- **WORK ITEM**
Your answer must be the exact lines below, starting with the line with "Lego Comic - Welcome to Eno" and going on through the line with "Harbour Stripe Merino", both included, with no pictures.

- **INPUT RECORDS**

========================================================================

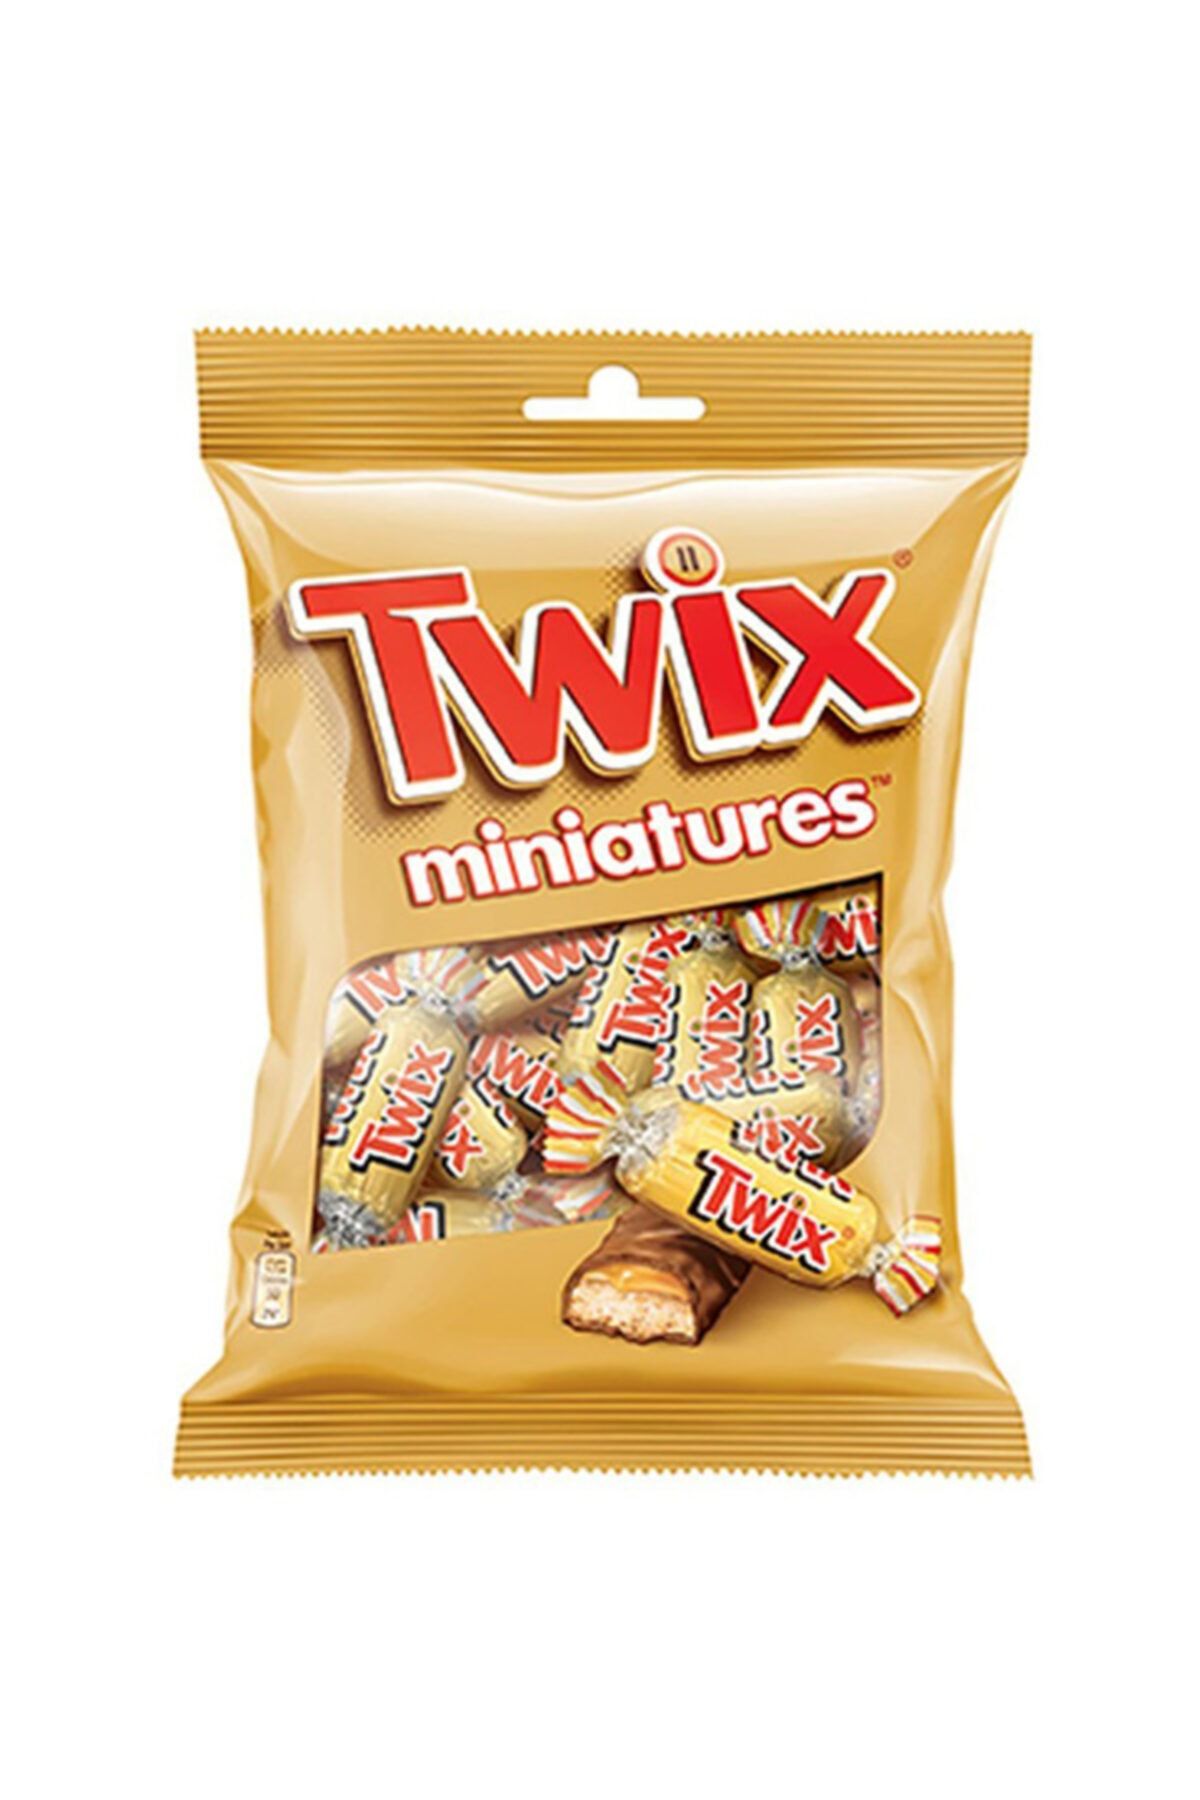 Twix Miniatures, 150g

========================================================================

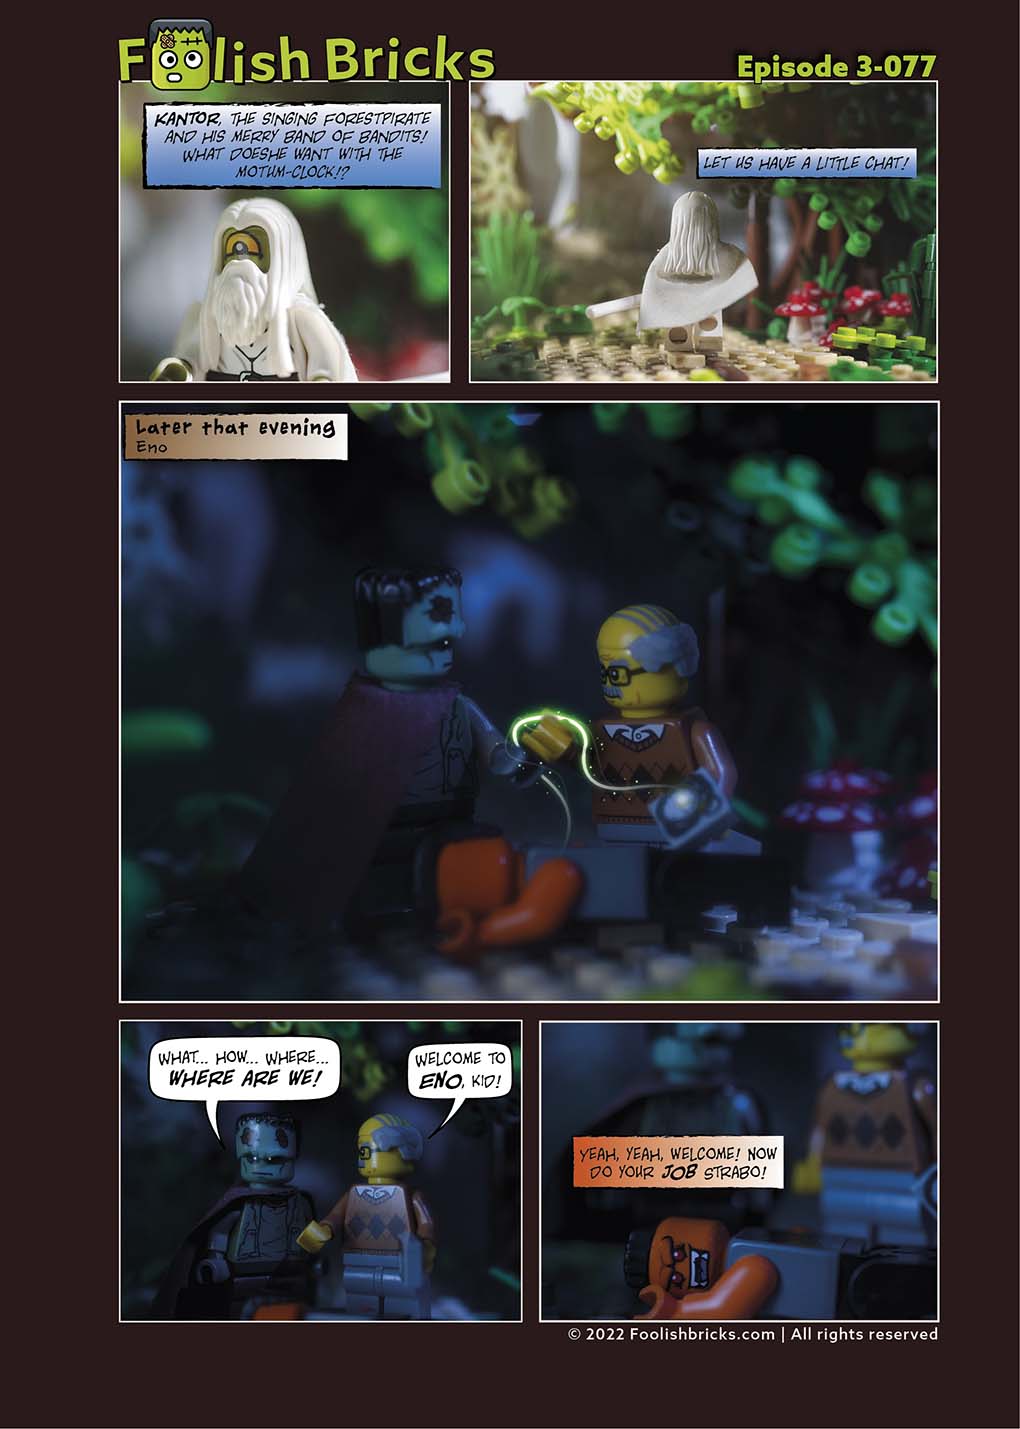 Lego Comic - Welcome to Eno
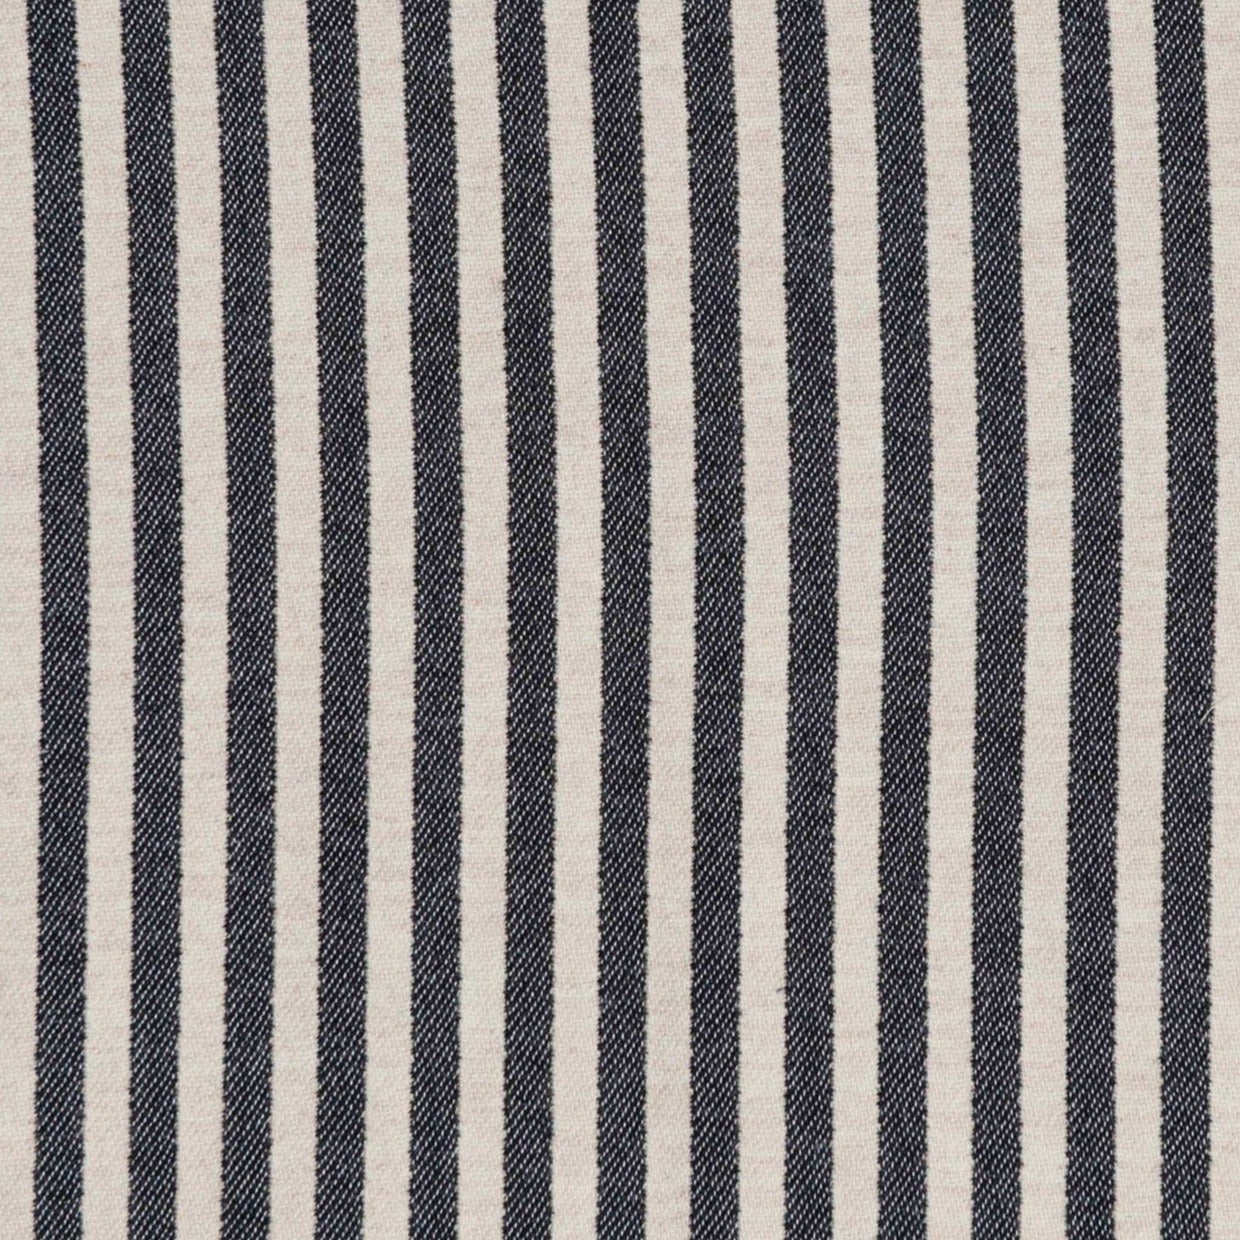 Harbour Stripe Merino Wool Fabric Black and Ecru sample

========================================================================

- **TASK ANSWER**
 Lego Comic - Welcome to Eno
 Harbour Stripe Merino Wool Fabric Black and Ecru sample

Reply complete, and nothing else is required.